The suit was brought by Yale Law School’s Veterans Legal Services Clinic on behalf of a Vietnam War veteran, Conley Monk Jr., whose applications for health care, home loans and education assistance were “repeatedly” turned away by the Department of Veterans Affairs, the court filing says. His advocates contend the case could help determine whether the federal government can be held liable for systemic prejudices that, over generations, have disadvantaged African Americans who served in the military and their families, potentially clearing a path for others to seek recompense.
“The negligence of VA leadership, and their failure to train, supervise, monitor, and instruct agency officials to take steps to identify and correct racial disparities, led to systematic benefits obstruction for Black veterans,” the complaint says. “VA leaders knew or should have known and negligently failed to redress.”
VA press secretary Terrence Hayes did not address the lawsuit but said in a statement that the agency is working to combat “institutional racism.” Officials are reviewing policies to serve veterans who wrongly received punitive discharges, which in most cases led VA to block their access to benefits, and contacting those pushed out the military to discuss how they can access some programs and care, he said.
“Throughout history, there have been unacceptable disparities in both VA benefits decisions and military discharge status due to racism, which have wrongly left Black veterans without access to VA care and benefits,” Hayes said. “We are actively working to right these wrongs.”
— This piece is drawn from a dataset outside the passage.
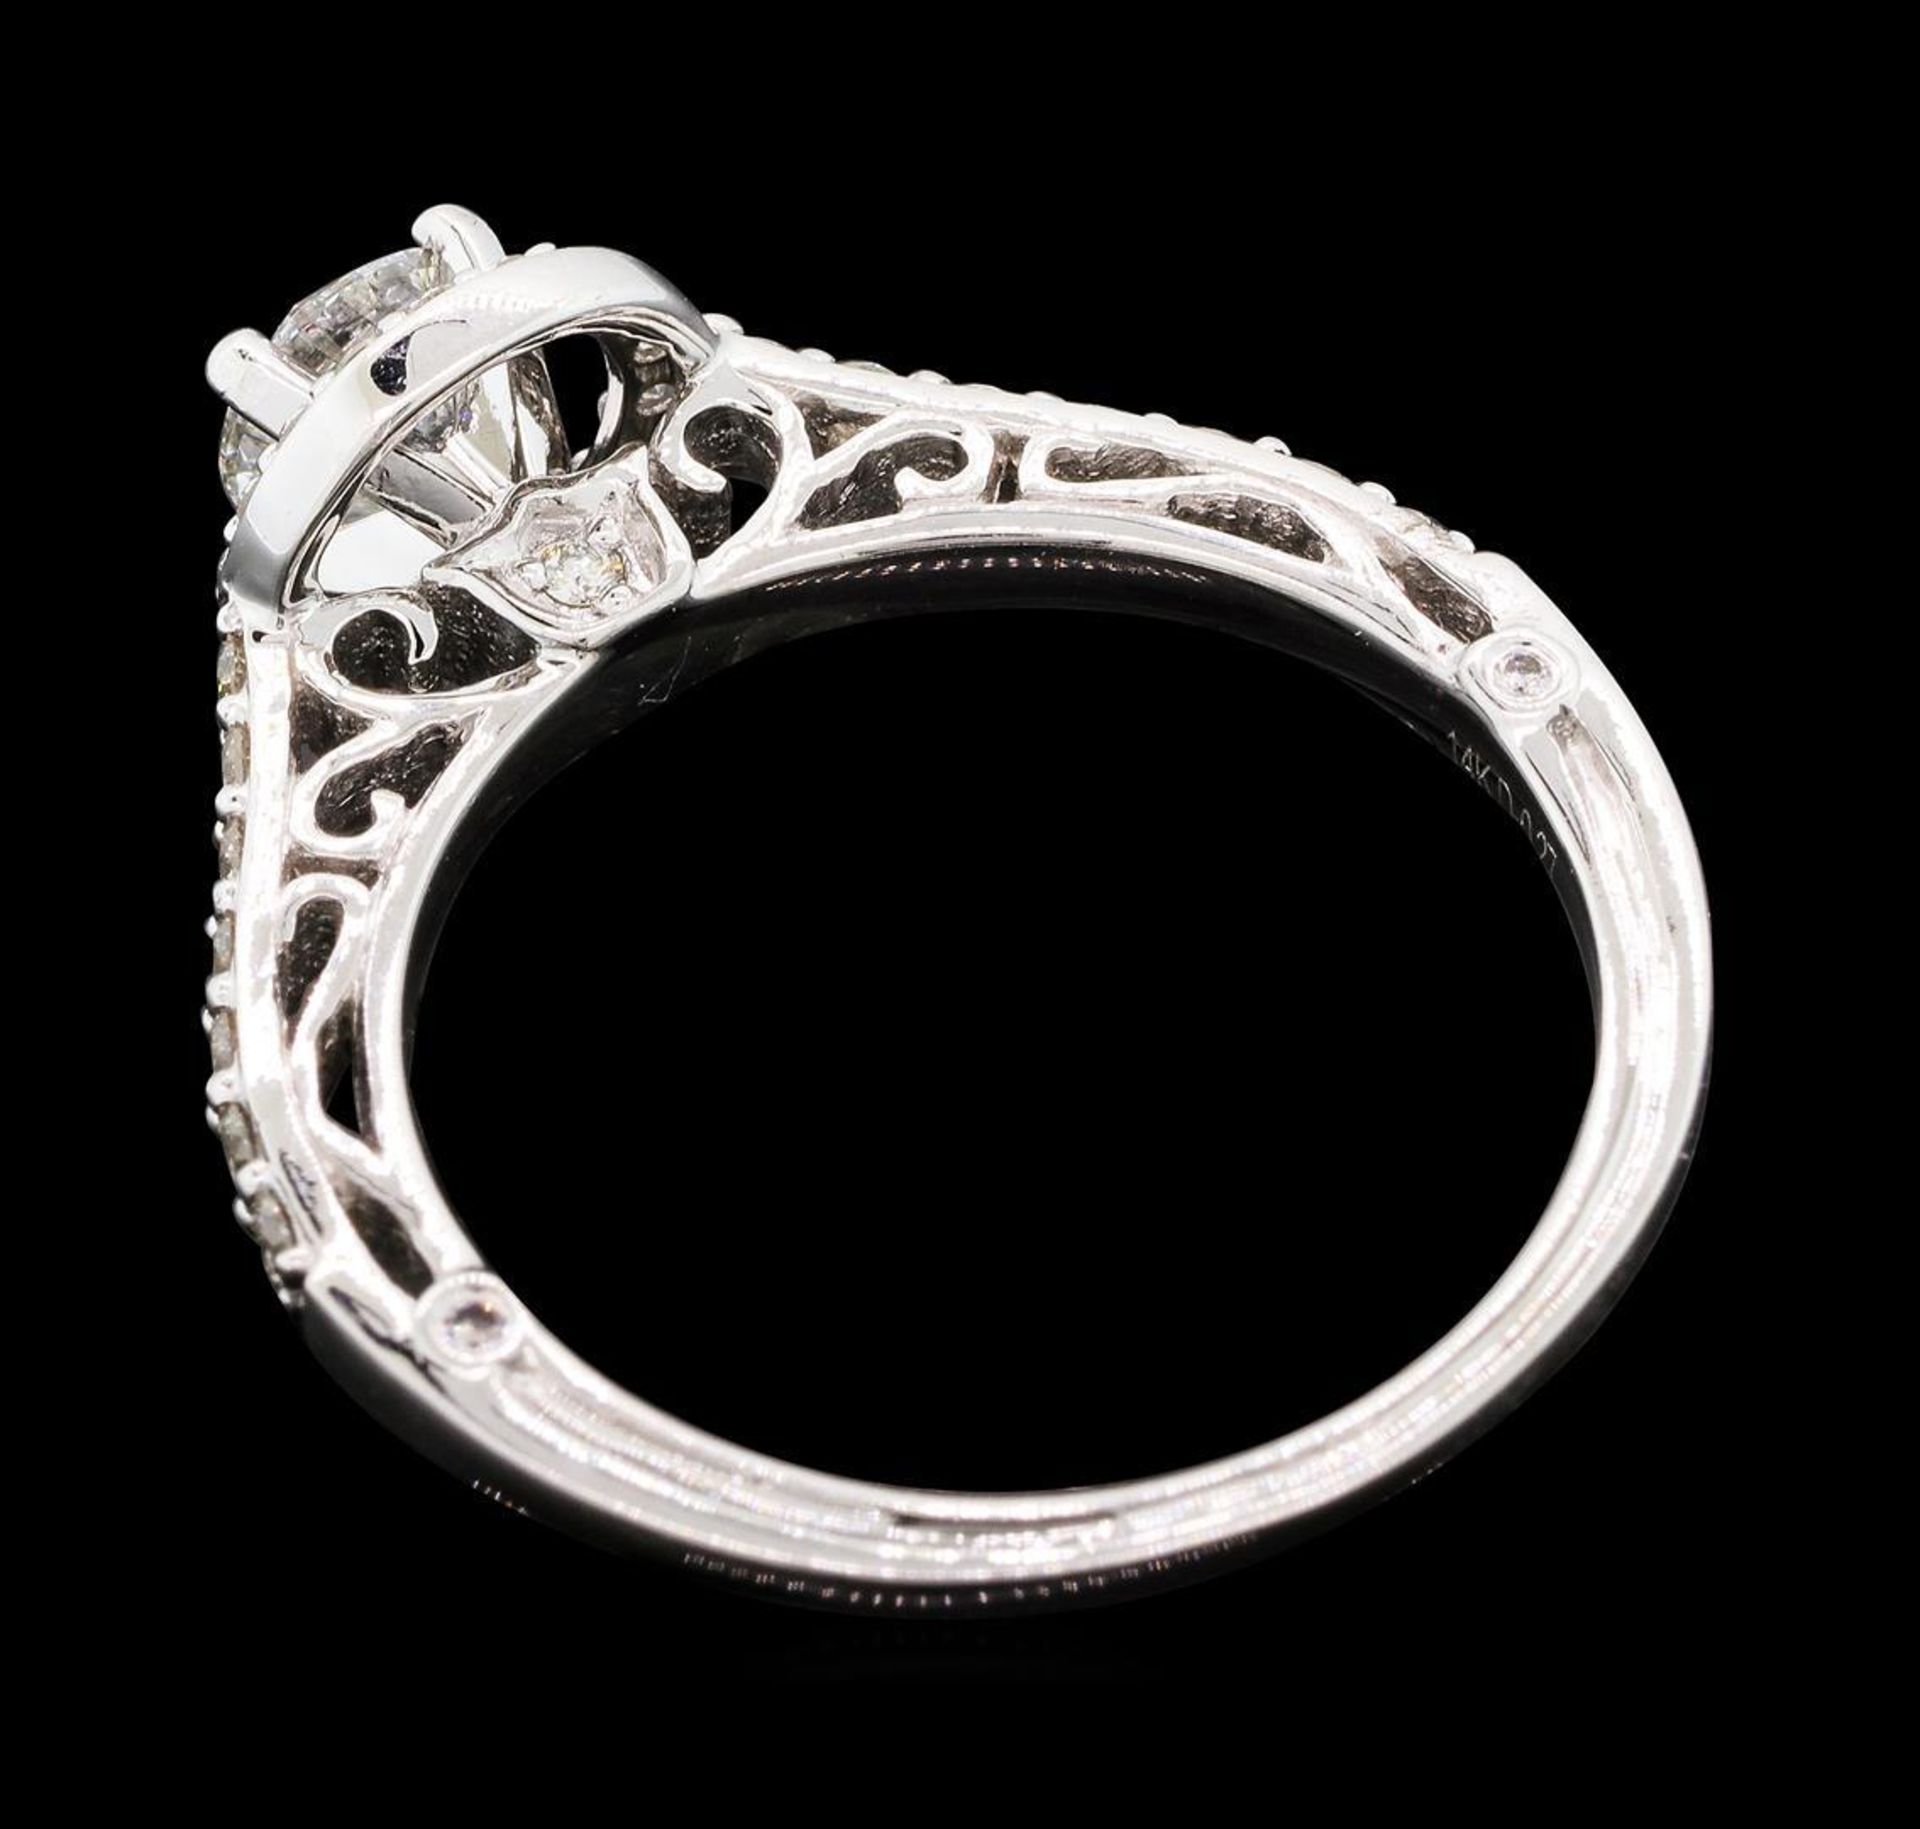 0.79 ctw Diamond Ring - 14KT White Gold - Image 3 of 5

VA disability awards compensate veterans for injuries that result from military duty. Payments can range from hundreds to thousands of dollars per month while affording access to other VA programs and benefits intended to help them and their families thrive after their service obligations end. VA determines an individual’s disability rating by evaluating the severity of service-connected injuries through medical documentation and other evidence.
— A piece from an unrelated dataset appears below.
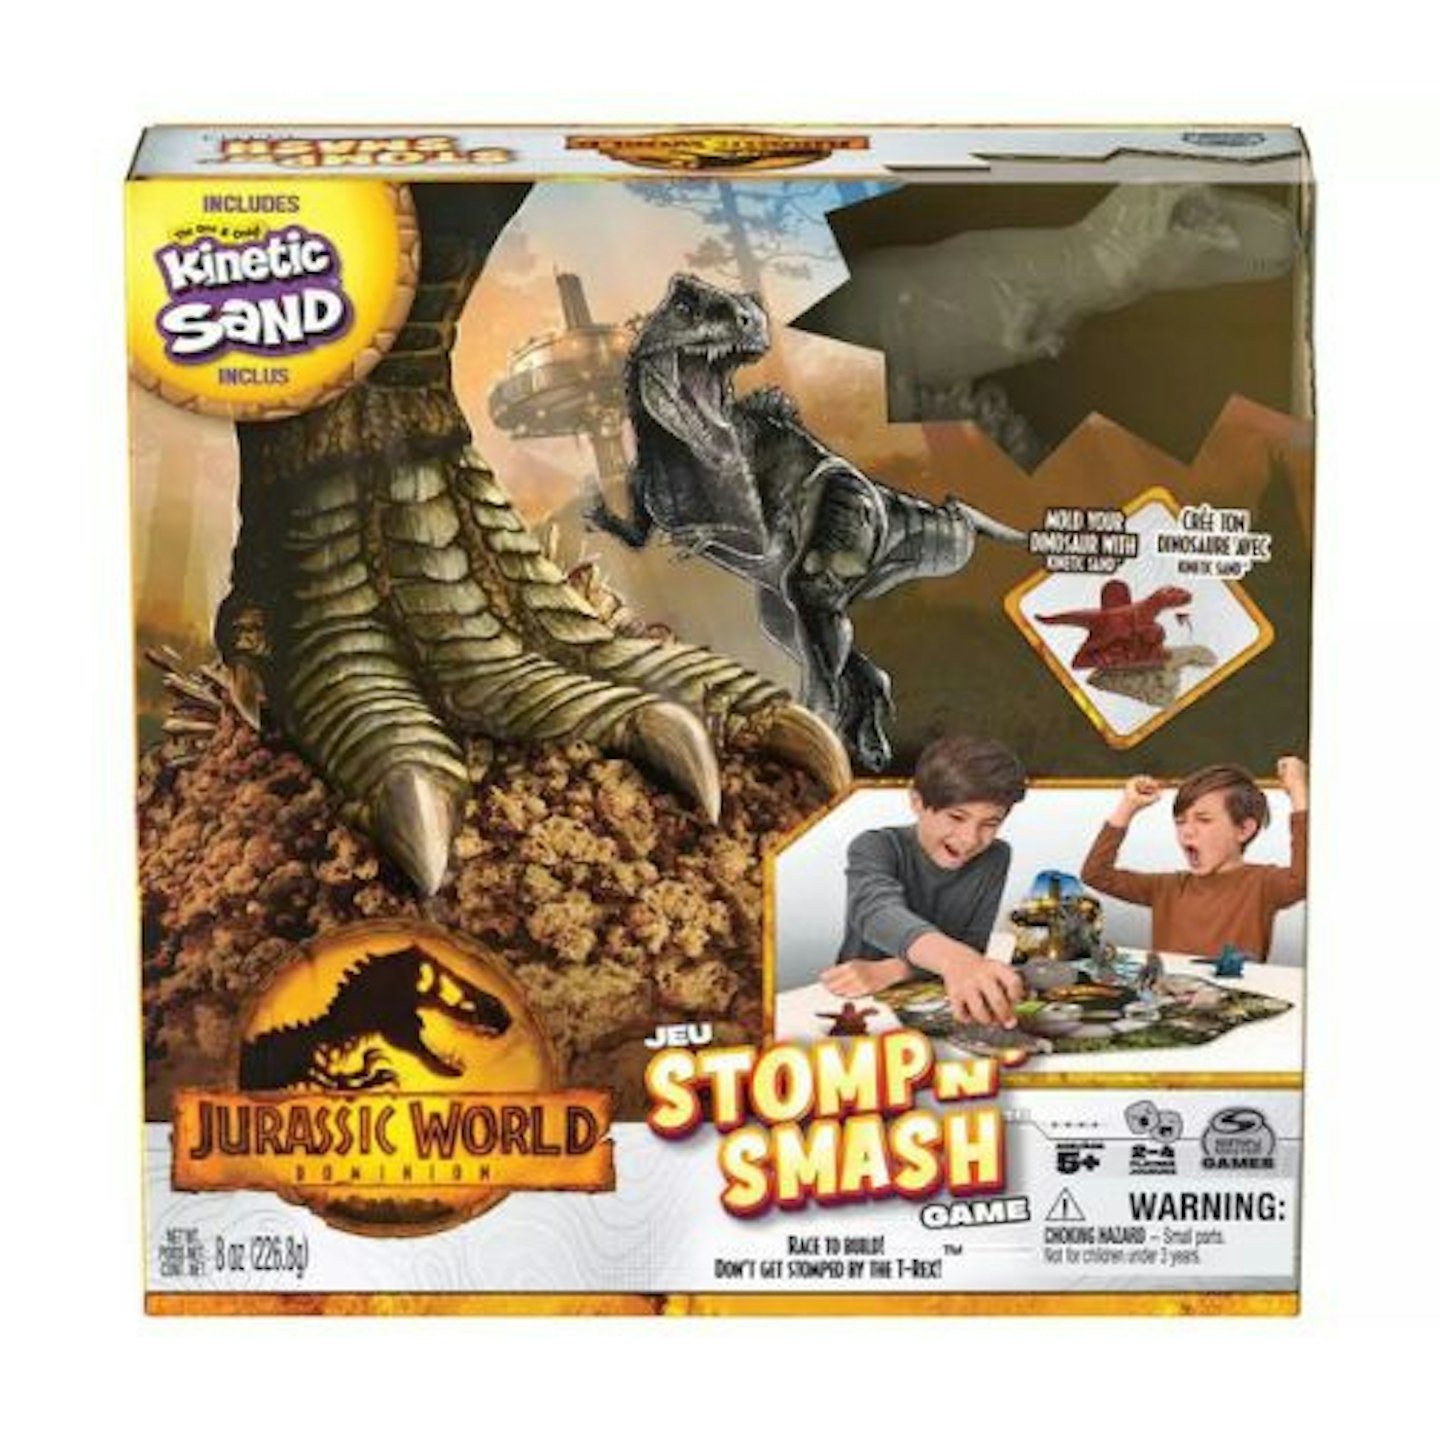 Jurassic World Dominion Stop N' Smash Board Game

VA produced the benefits data cited in the lawsuit following a complaint in federal court by the National Veterans Council for Legal Redress and the Black Veterans Project. It shows the agency fully approves about 30 percent of Black veterans’ disability claims; for White veterans, the figure is 37 percent. The Associated Press reported on the data in June. The information dates only to 2002 because, before then, VA did not link disability-claim decisions to individuals’ case files nor did it retain decision data, the suit said.
Richard Brookshire, an Army veteran who served in Afghanistan and is the co-founder of the Black Veterans Project, said it appears VA has never examined whether race was a factor in its benefits decisions. The consequence, he said, is the denial through “gross negligence” of generational wealth and social advancement for many Black veterans.
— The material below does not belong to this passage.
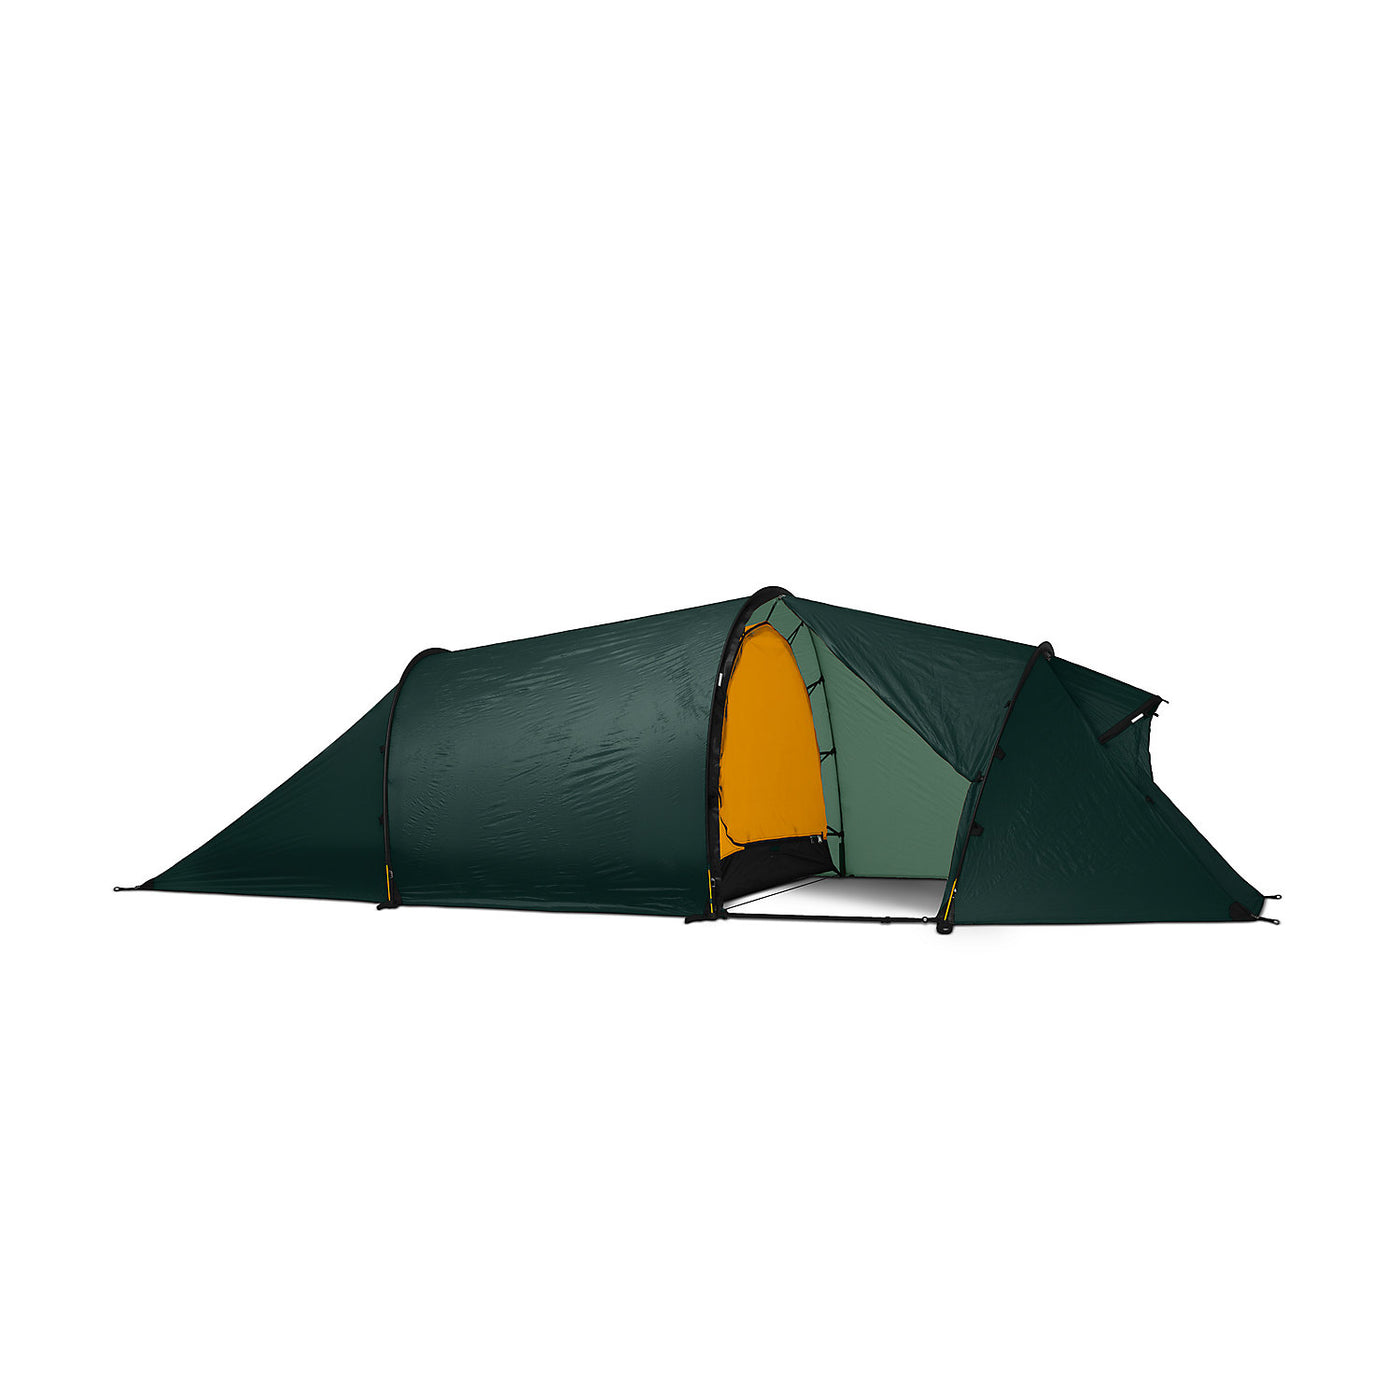 Nallo 4 GT Tent

Brookshire said VA’s leaders have been unwilling to have the “difficult conversation” about racial bias. In 2017, the agency showed interest in assessing links between race and PTSD disability claims, but the effort was shelved due to staff shortages, according to Yale’s assessment of VA records.
Monk’s father served in a segregated Army unit during World War II and was denied VA disability payments for a stomach condition developed in the military, according to a separate administrative claim filed by the clinic. Monk Jr., who oversees his father’s estate, is seeking $1 million in damages for VA’s denial of his dad’s medical care and disability pay, which could have amounted to tens of thousands of dollars, according to the claim.
He worked as a driver responsible for hauling U.S. troops and supplies through areas thick with fighting. His truck was sometimes hit with gunfire, he said. During other missions, the roads were lined with enemy dead. In one horrifying instance, he watched another U.S. Marine run over a Vietnamese man, unsure whether the man was an attacker or an innocent bystander, the lawsuit says.
Monk said he developed post-traumatic stress but that no one at the time understood the condition. It would be another decade until PTSD was recognized by the American Psychiatric Association as a debilitating medical condition. When his service in Vietnam ended, Monk redeployed to a U.S. base in Japan, where he got into fights that landed him in jail. He took a deal, according to the filing, to waive his right to a court-martial and instead accept a punitive discharge from the Marines in 1970.
“Mr. Monk spent decades trying to obtain his rightfully owed benefits through VA’s administrative channels, but he was unaware of the pervasive and systematic racial bias affecting his eligibility for veterans’ benefits until VA disclosed long-withheld records” to the National Veterans Council for Legal Redress, the suit said, an organization Monk founded.